What you need to do.
Every line below between the one holding "UAE Ambassador to" and the one holding "12 Dream of Deceased Mother Meanings4", inclusive, should be copied exactly, and no other line.

Data for this exercise.
=== Begin Enclosure ===

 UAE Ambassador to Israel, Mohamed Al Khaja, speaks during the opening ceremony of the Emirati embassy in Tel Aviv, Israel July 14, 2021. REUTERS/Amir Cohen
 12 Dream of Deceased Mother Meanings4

=== End Enclosure ===
=== Begin Enclosure ===

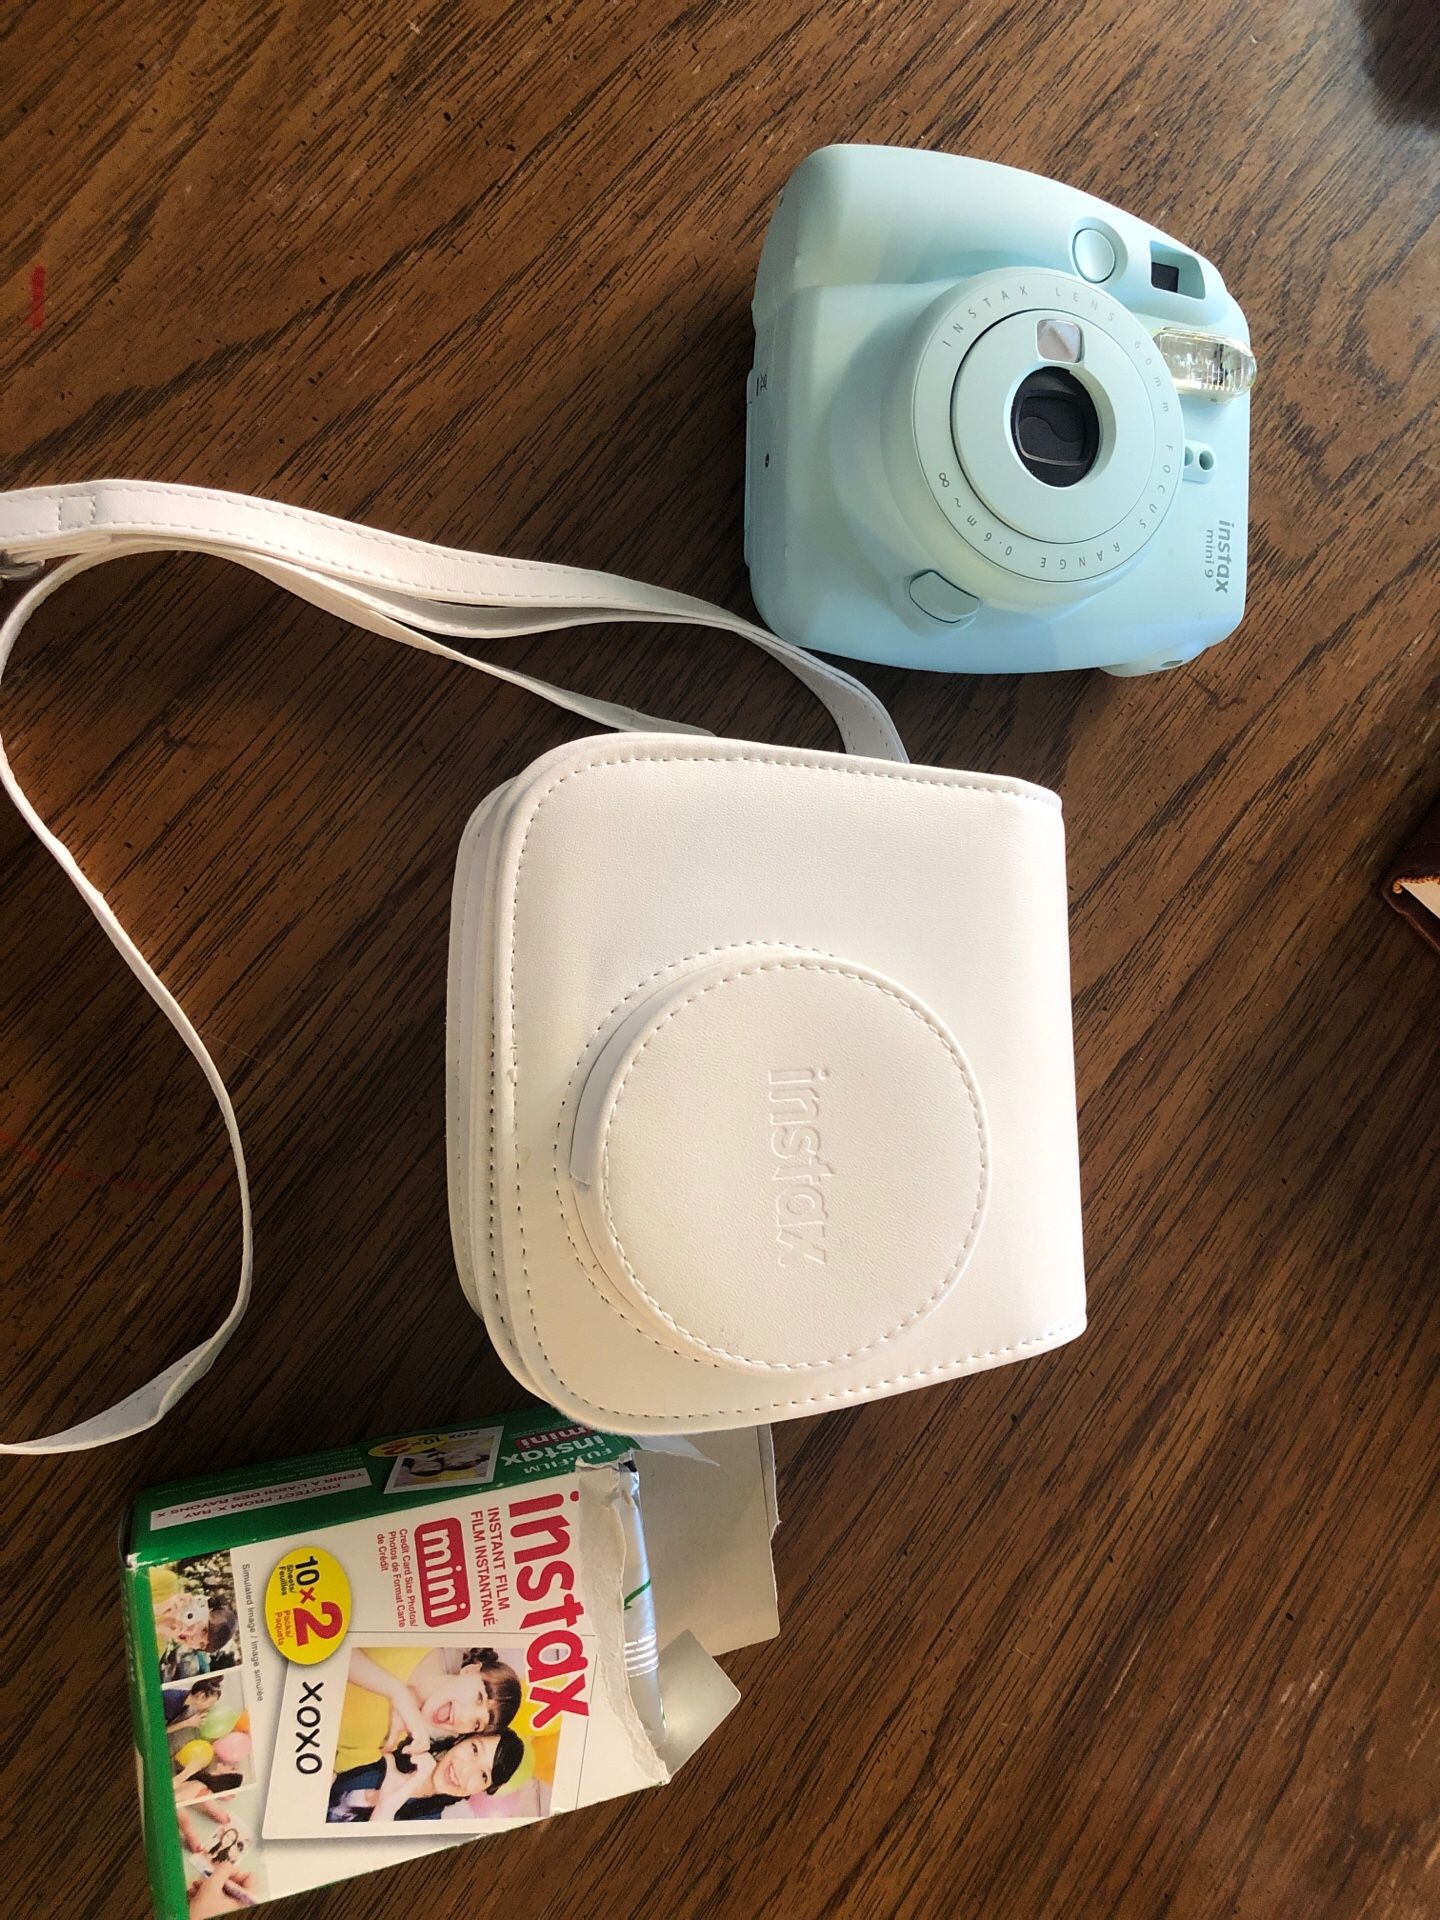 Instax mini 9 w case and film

=== End Enclosure ===
=== Begin Enclosure ===

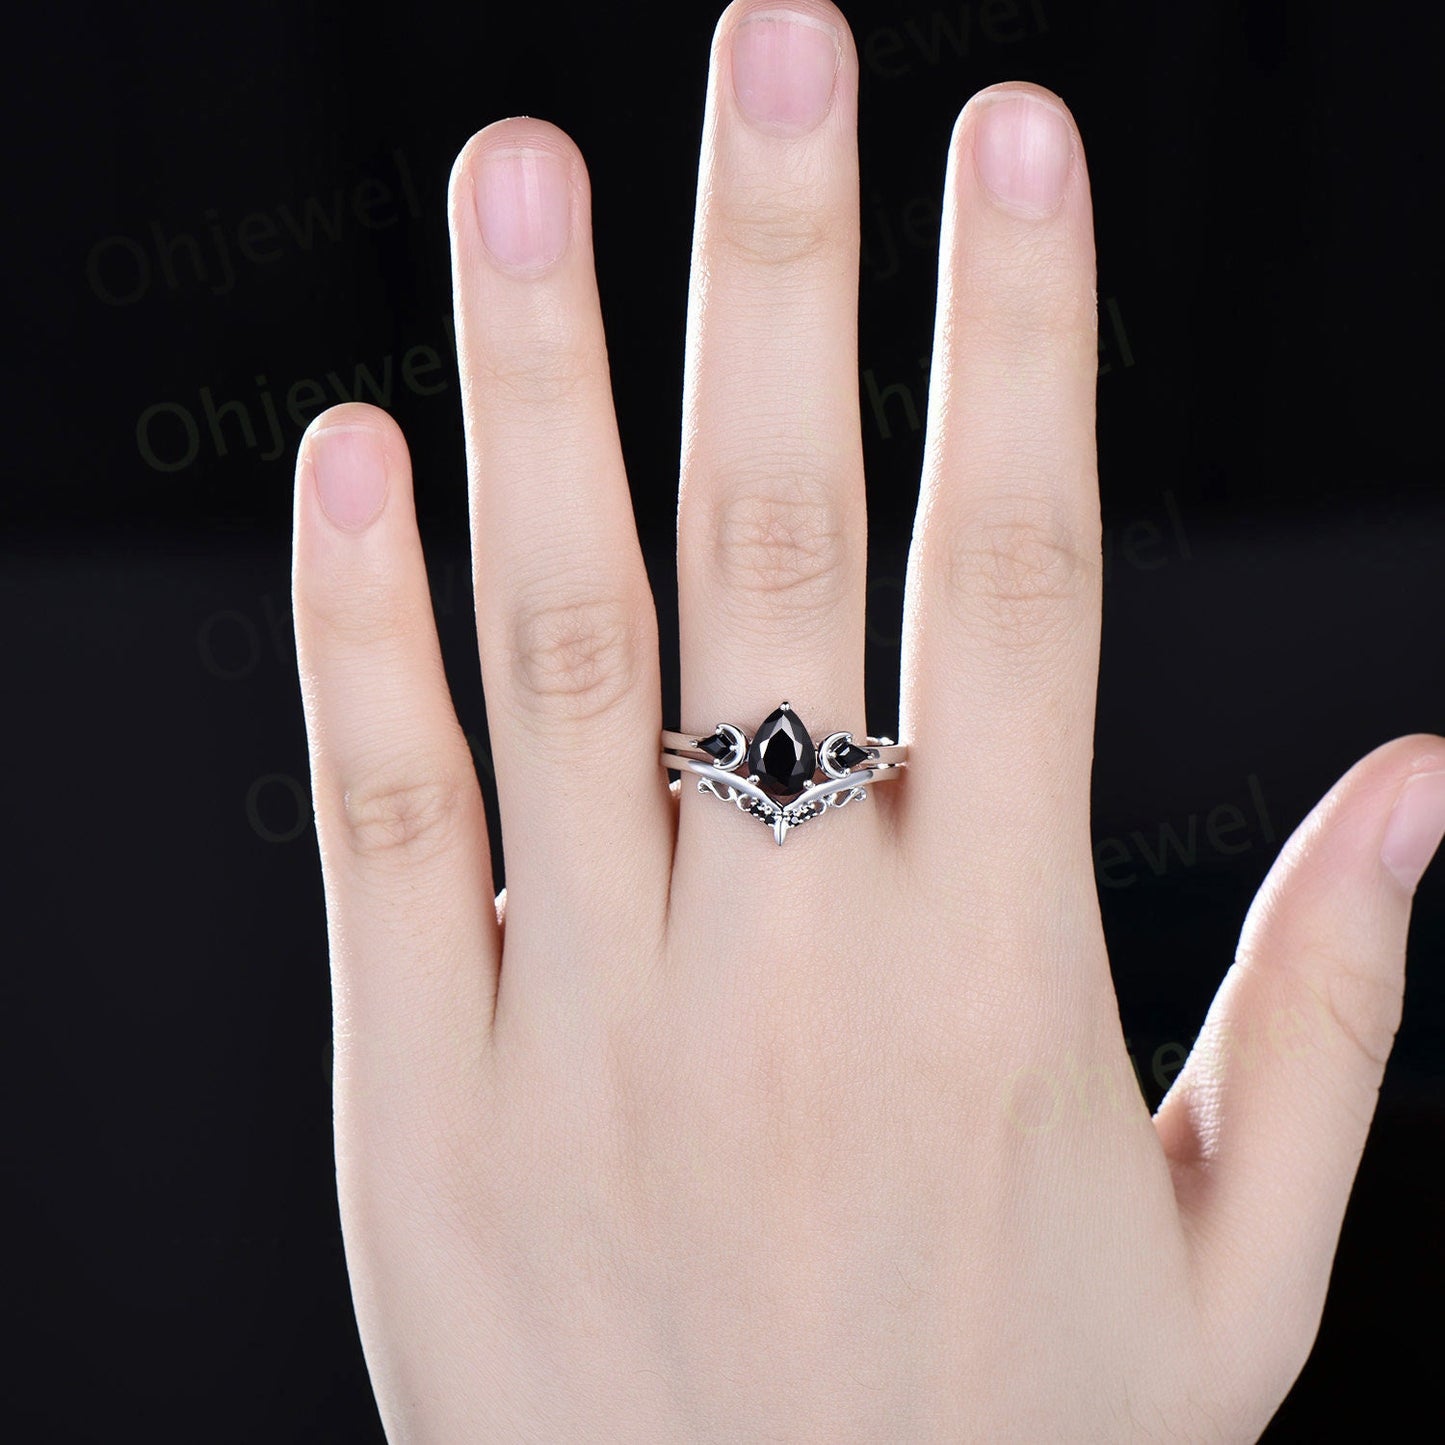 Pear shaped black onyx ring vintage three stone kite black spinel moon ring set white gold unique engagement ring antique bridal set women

=== End Enclosure ===

Answer to the problem.
 UAE Ambassador to Israel, Mohamed Al Khaja, speaks during the opening ceremony of the Emirati embassy in Tel Aviv, Israel July 14, 2021. REUTERS/Amir Cohen
 12 Dream of Deceased Mother Meanings4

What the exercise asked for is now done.